A Japanese study examined the etiology of AMI in young women (6). Among 2,457 cases of AMI, the number of women under 50 years of age was 24, and 10 of these cases were non-atherosclerotic on angiography; only 3 cases had Takayasu's arteritis. In the same study, there were 251 men under 50 years of age with AMI, and a non-atherosclerotic etiology was noted in only 1 case of embolism. Although it is rare, AMI can occur in young women, and rigorous surveys for systemic causes are essential.

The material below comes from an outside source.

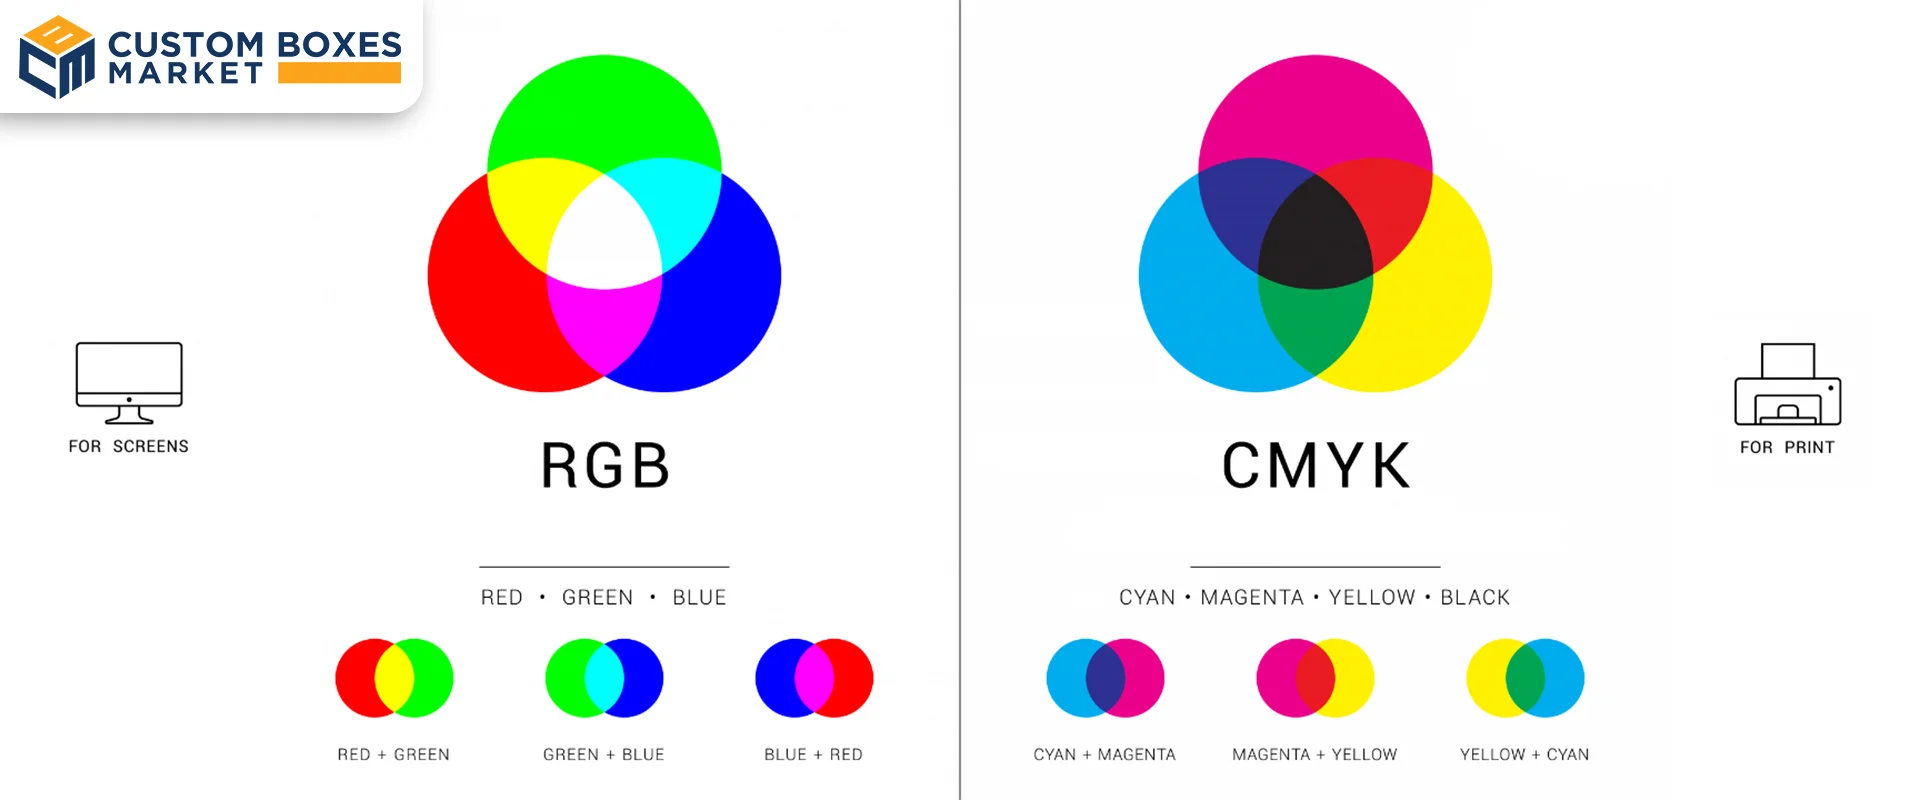 CMYK Vs RGB, What Is Better For Prints?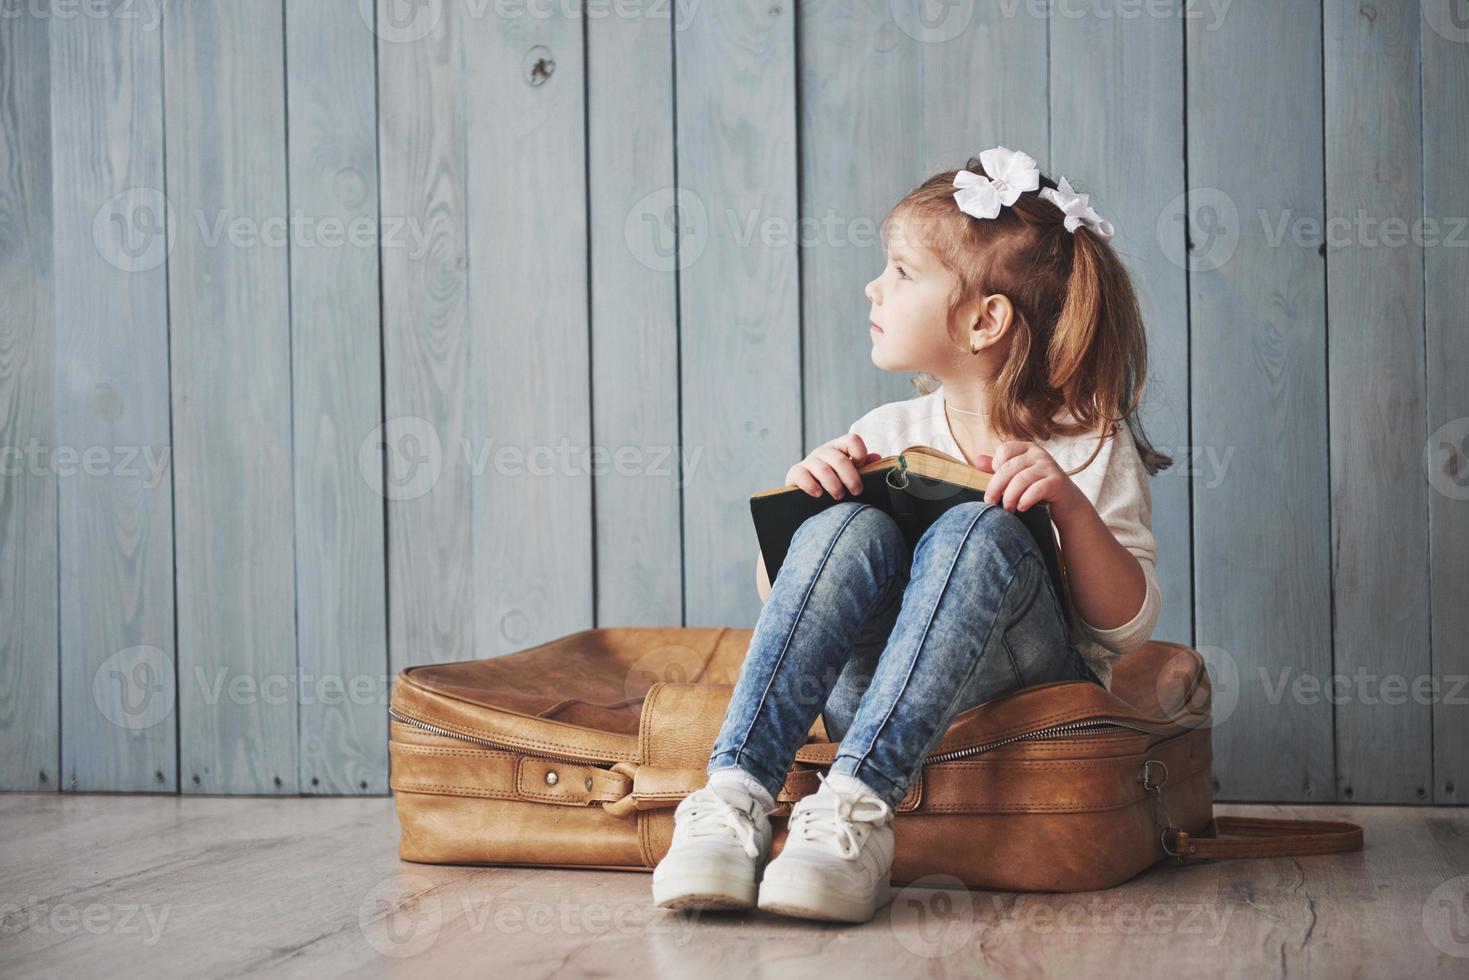 Ready to big travel. Happy little girl reading interesting book carrying a big briefcase and smiling. Travel, freedom and imagination concept photo

In the present case, the patient fell into a very severe condition and was rescued by intensive treatments. We ruled out other causes of cardiogenic shock, such as cardiac rupture, mitral chordal rupture, and ventricular septal perforation. There were no potential causes of the shock other than AMI at the LMT lesion. The early detection and diagnosis of Takayasu's arteritis before progression to such a severe condition are important. Regarding the initial symptoms of Takayasu's arteritis, a fever (17.1%) is most common, followed by dizziness (12.9%), pulse deficit (11.2%), and general malaise (7.8%), but angina pectoris (2.8%) is uncommon. Ischemic heart disease occurs in 10.7% of Takayasu's arteritis cases during the entire course, but cases diagnosed by the presentation as AMI have been reported as case reports (Table 2) (9-15).

Table 2.

Case Reports of Takayasu’s Arteritis Developed as Acute Myocardial Infarction.

Reference	Age(yrs), Sex	Lesion	CK (IU/L)
9	23, F	LAD aneurysm	911 (admission)
10	55, M	RCA middle	n.a.
11	22, F	LMT	n.a.
12	16, F	RCA ostium+LMT	6,748 (max)
13	19, M	RCA proximal aneurysm	1,524 (admission)
14	39, F	RCA ostium	n.a.
15	17, M	RCA middle	n.a.

M: Male, F: Female, LAD: left anterior descending artery, RCA: right coronary artery, LMT: left main trunk, n.a.: not available

Coronary artery lesions are present in 70-80% of Takayasu's arteritis cases, as pathologically, the inflammatory process extends to the intima and proliferates, which contracts the fibrotic media and adventitia from the ascending aorta (16,17). Especially in the active phase of Takayasu's arteritis, increases in a thrombotic tendency due to endothelial dysfunction, platelet aggregation, and coagulation activity (18-20) contribute to the development of AMI. Therefore, percutaneous coronary intervention combined with steroid therapy is effective for preventing restenosis (21). However, in the present case, Takayasu's arteritis was not in the very active phase, as FDG-PET showed only a weak uptake at the LMT.

Only one IVUS finding of LMT of effort angina due to Takayasu's arteritis has been reported (22), and LMT-AMI has never been reported as a cause, to our knowledge. In the present case, unstable plaque and calcification were not seen, but the three-layered structure of the intima, tunica media, and adventitia was not clearly visible, and the vessel was concentrically thickened (Fig. 3). Therefore, the pathophysiological mechanism of LMT-AMI in this case is not plaque rupture but concentric narrowing of the vessel itself.

In conclusion, in young women who complain of chest pain, a specific cause of coronary artery disease may exist, and systemic causes of vascular diseases, including Takayasu's arteritis, should be considered.

The authors state that they have no Conflict of Interest (COI).